• Directions: Each line of the listing must be transcribed exactly, except for the images, which should be excluded.

***** Dataset section *****

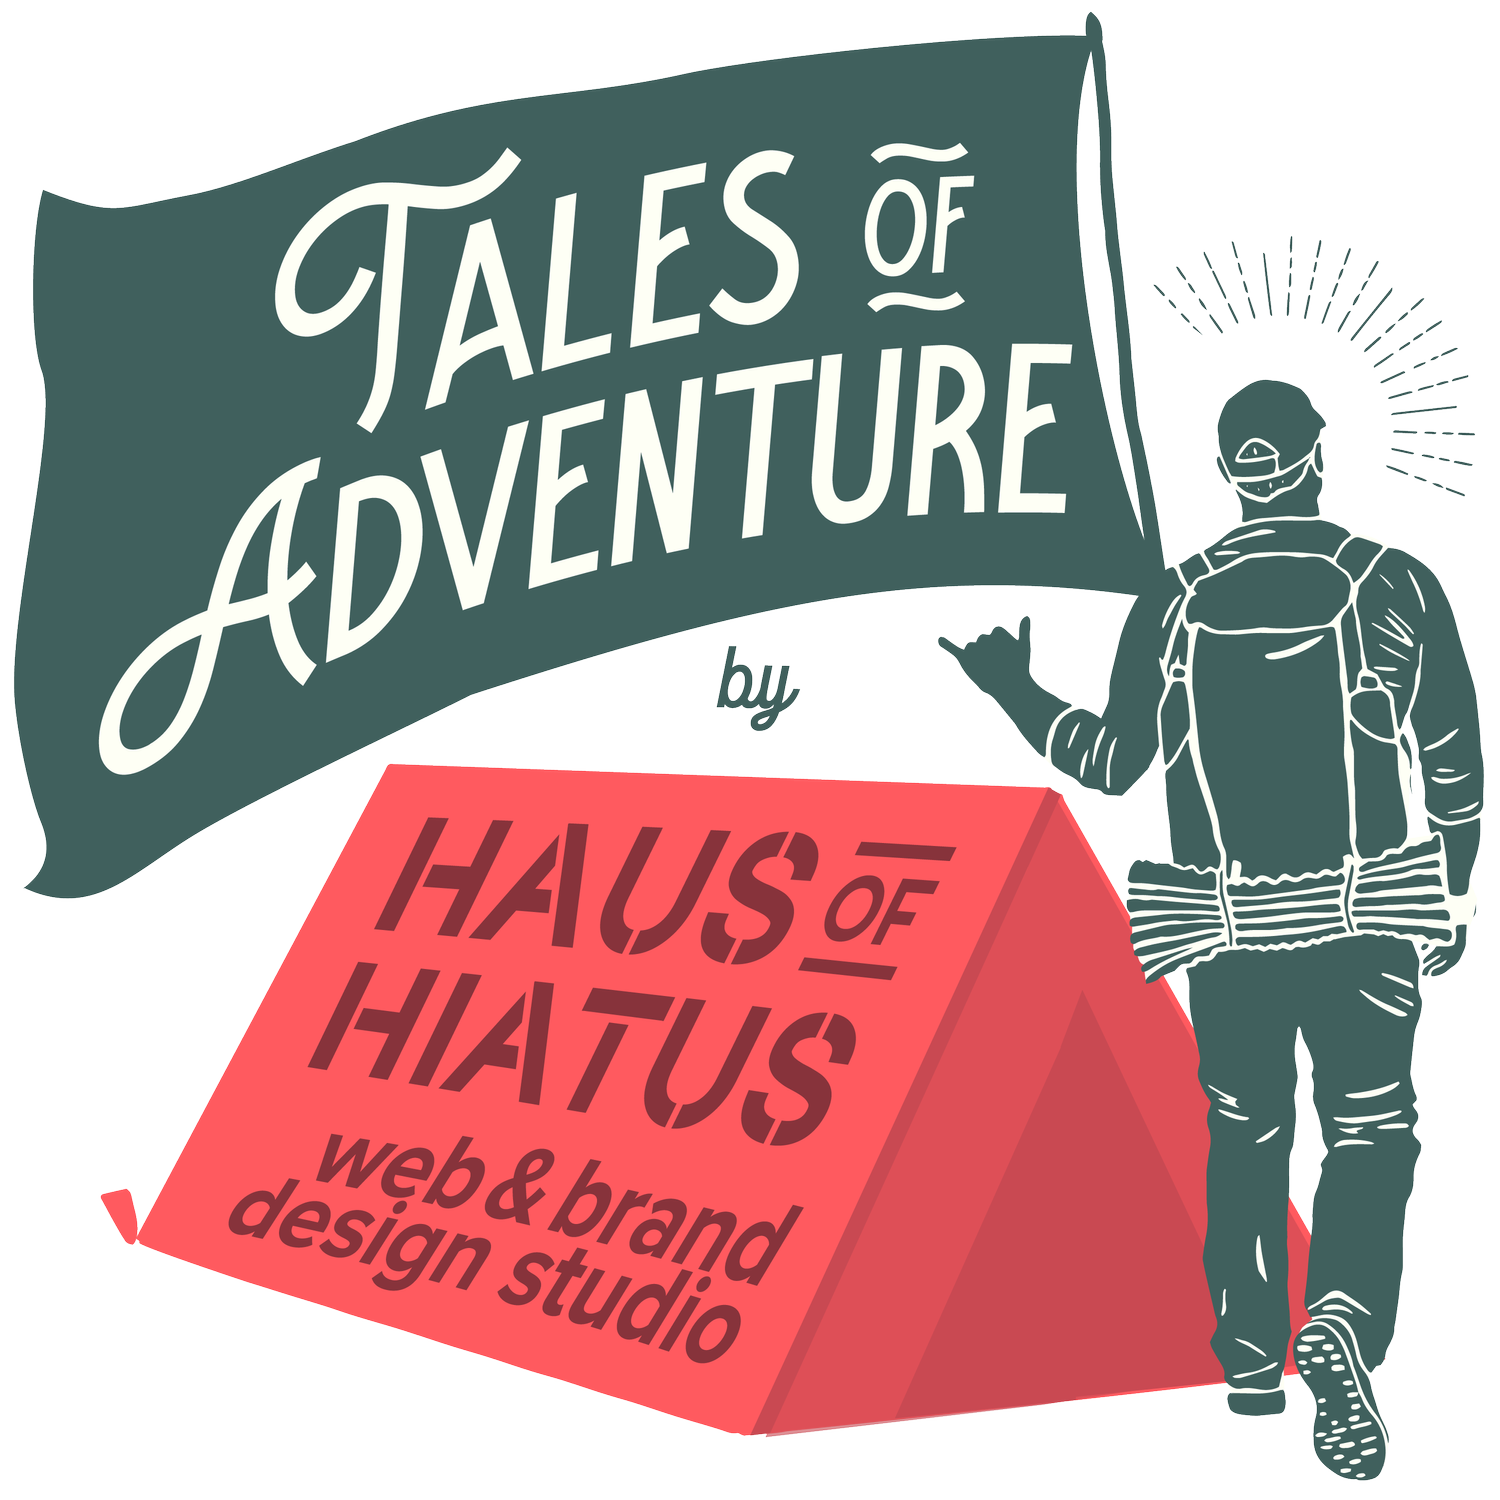 Tales of Adventure by Haus of Hiatus, web &amp; brand design studio
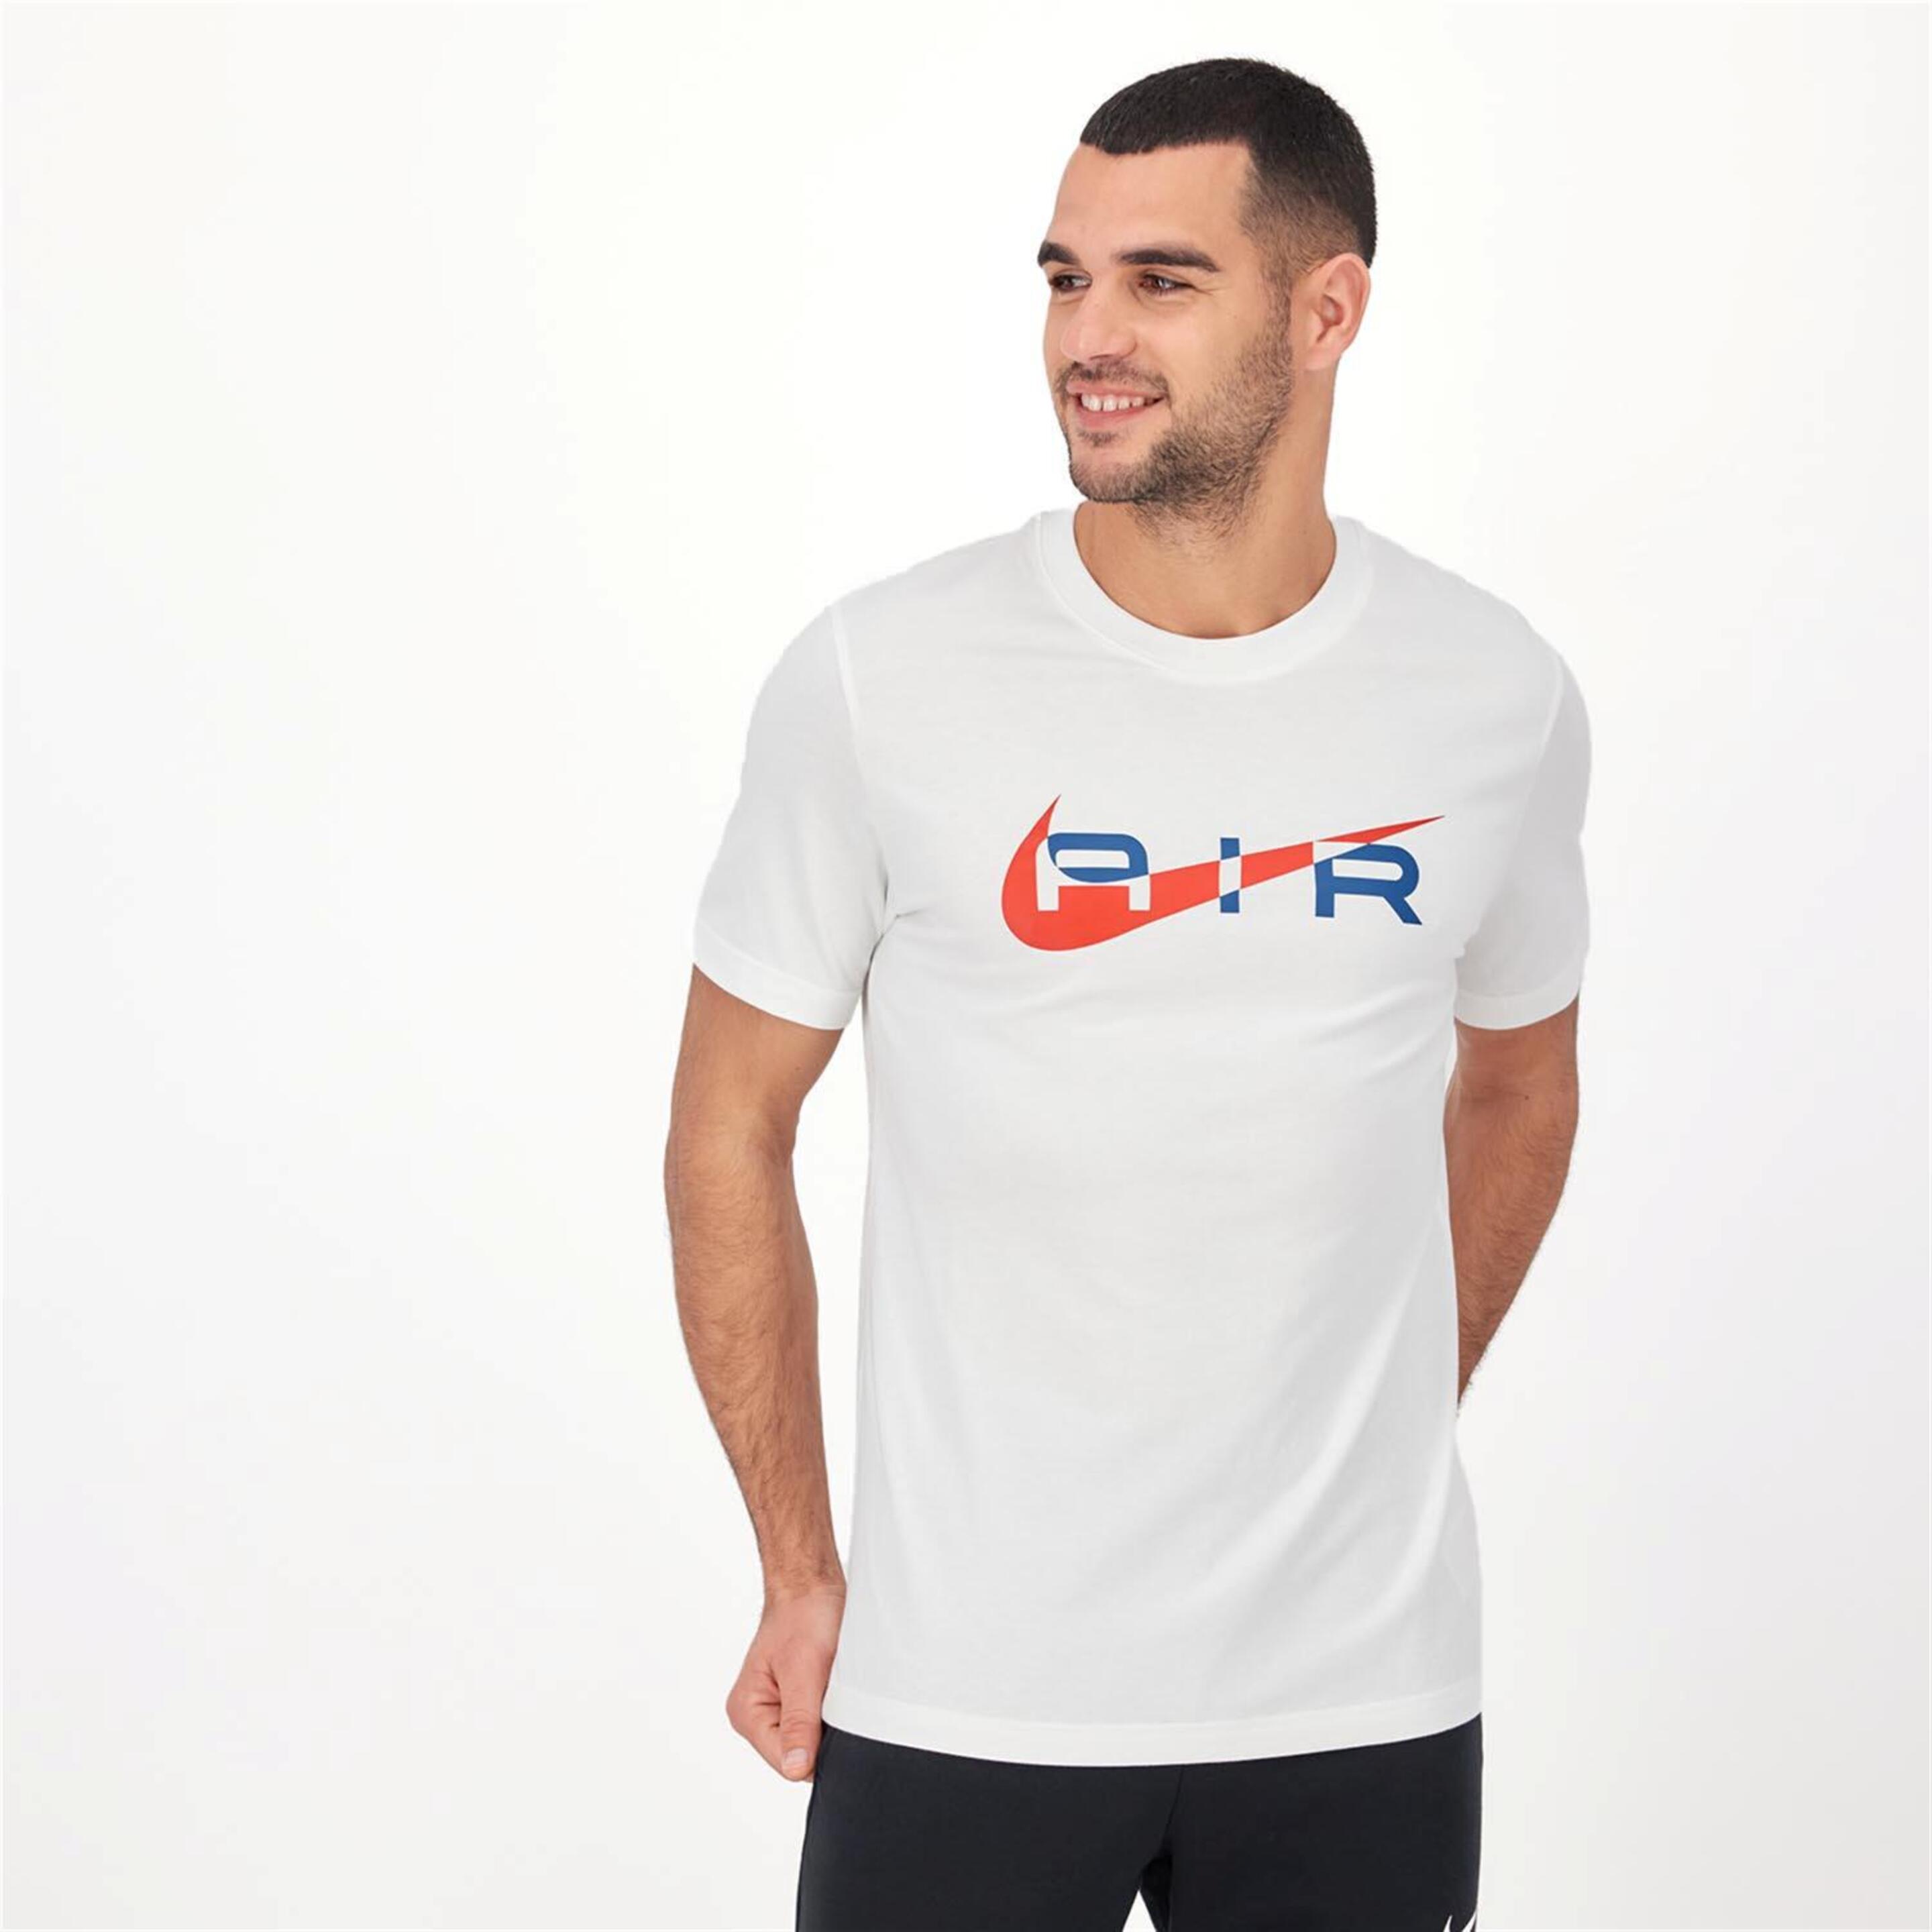 Nike Air - blanco - Camiseta Hombre
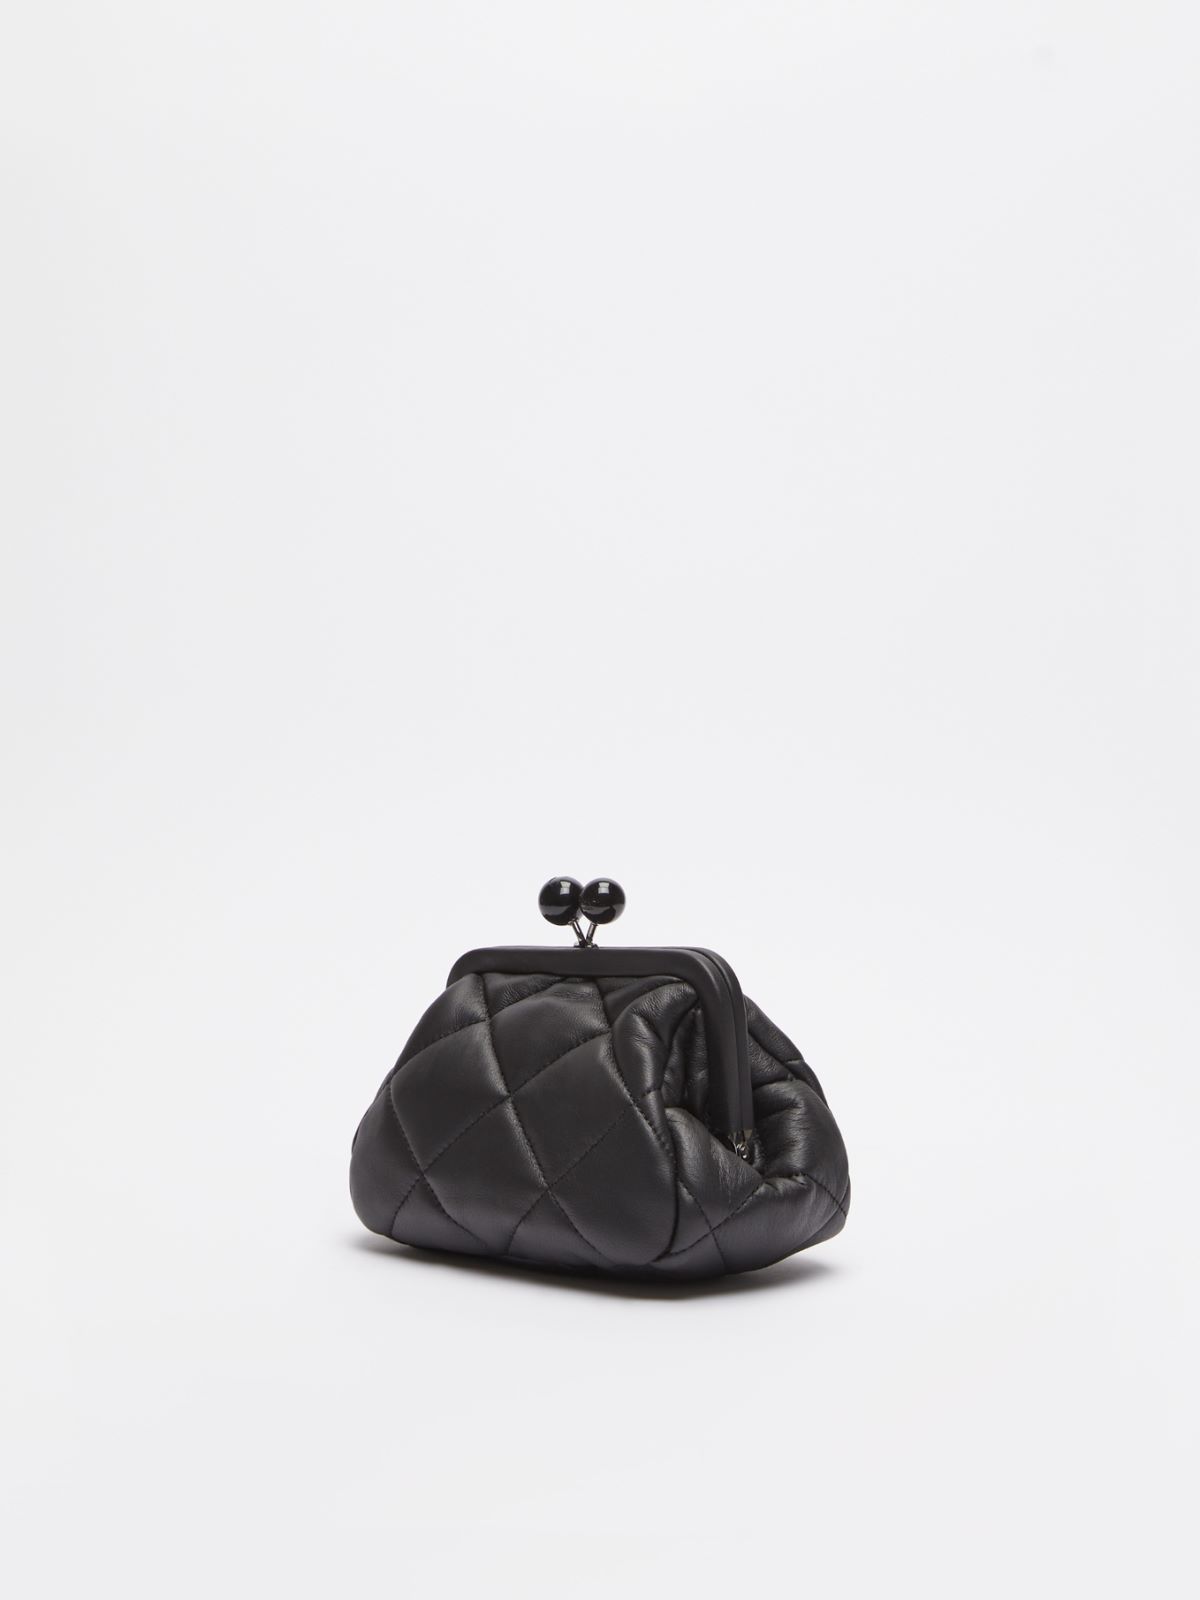 Nappa leather Pasticcino Bag - BLACK - Weekend Max Mara - 2

*****

• Task answer:
 Tales of Adventure by Haus of Hiatus, web &amp; brand design studio
 Nike Air - blanco - Camiseta Hombre
 Nappa leather Pasticcino Bag - BLACK - Weekend Max Mara - 2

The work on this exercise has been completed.